Despite their widespread occurrence and contrary to common belief, physical issues were not the most crucial determinant of low QoL, indicating patients were better prepared to deal with them. On the contrary, we found psychological factors to have the most profound effect on QoL, as pointed out by some other authors also [22]. Amongst such factors, anxiety was the commonest, followed by concerns about the underlying disease, pouch problems, and depression. Other psychological issues that have been reported are altered body image, hopelessness, stigmatization, isolation, and loneliness [16,23]. Sadly, most healthcare providers ignore these vital psychological concerns and only concentrate on the physical ones [22]. Recently, the awareness about them has increased, and many counter strategies have been proposed [22,24].
The spiritual well-being of an individual was also a primary focus of our study because we believe it to be an essential component of QoL[25]. A stoma could make it difficult for Muslims to maintain the cleanliness required to fulfill their religious obligations, requiring them to frequently go to the bathroom with many inconveniences. Patients are further discouraged from praying, fasting, and performing Hajj due to concerns about leaks and odors [26].
Since all the participants in our study were devout Muslims, our survey questions covered all the rituals typically observed by Muslims. Of the responders, 90% reported difficulties performing one or more religious activities, mainly keeping wudhu or attending mosque. These findings indicate that modern stoma appliances are not entirely foul-proof and need additional innovation. Furthermore, the instrument to measure patients’ performance in religious activities might require more precision.
Our regression analysis also confirmed religious factors to be the significant determinants of QoL. We thus concur with the other authors who recommend appropriate religious counseling for these patients [7,27,28].

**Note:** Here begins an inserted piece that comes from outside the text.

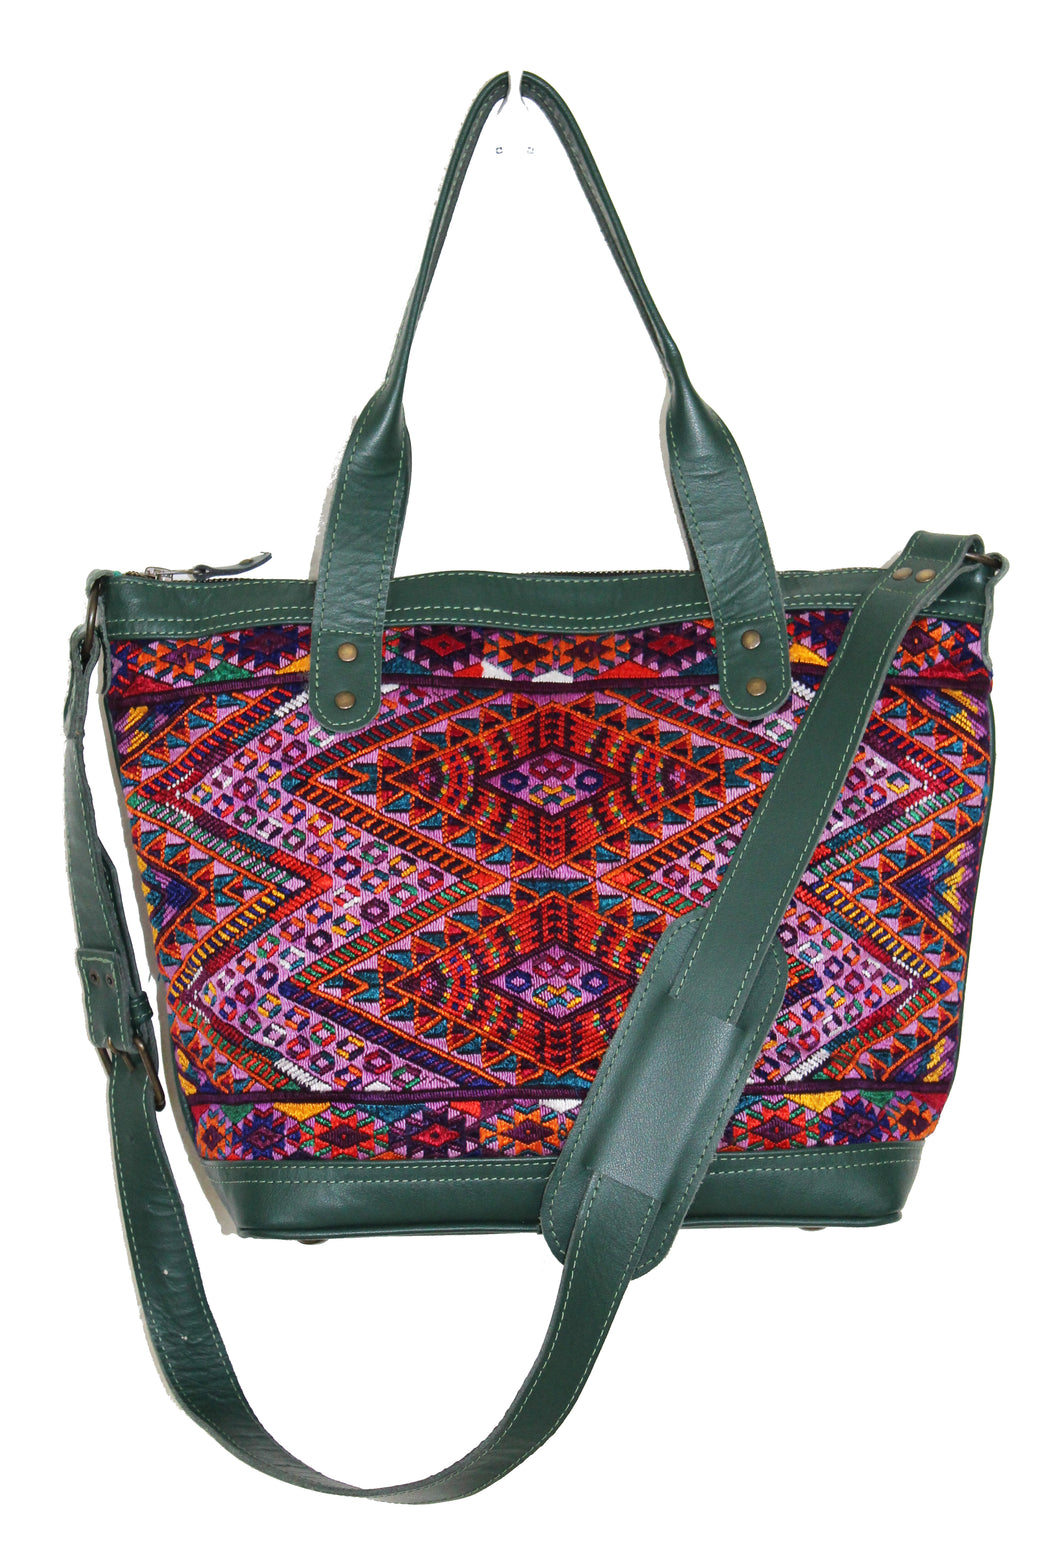 MoonLake Design Renata medium crossbody bag in dark green leather and captivating geometric huipil

Stoma patients often struggle with social dysfunction as well as sexual issues, both of which lower their QoL. Disinterest, avoiding social activities, restricted travel, strained personal relationships, loneliness, and a tendency toward isolation are the root causes of the former. These factors make adaptation and stoma management even more challenging. The fact that 44% of our patients exhibited social disturbances and our inference that sexual dysfunction negatively impacted QoL is commensurate with the evidence [22,23].This negative effect can be lessened by giving patients access to pertinent information and training and providing efficient community health services [7]
The majority of our patients (91 percent) were able to self-manage their stomas and live independently - thanks to the quality of care they received and the support of their family and friends. Their financial difficulties were also minimal due to the country's effective national health program.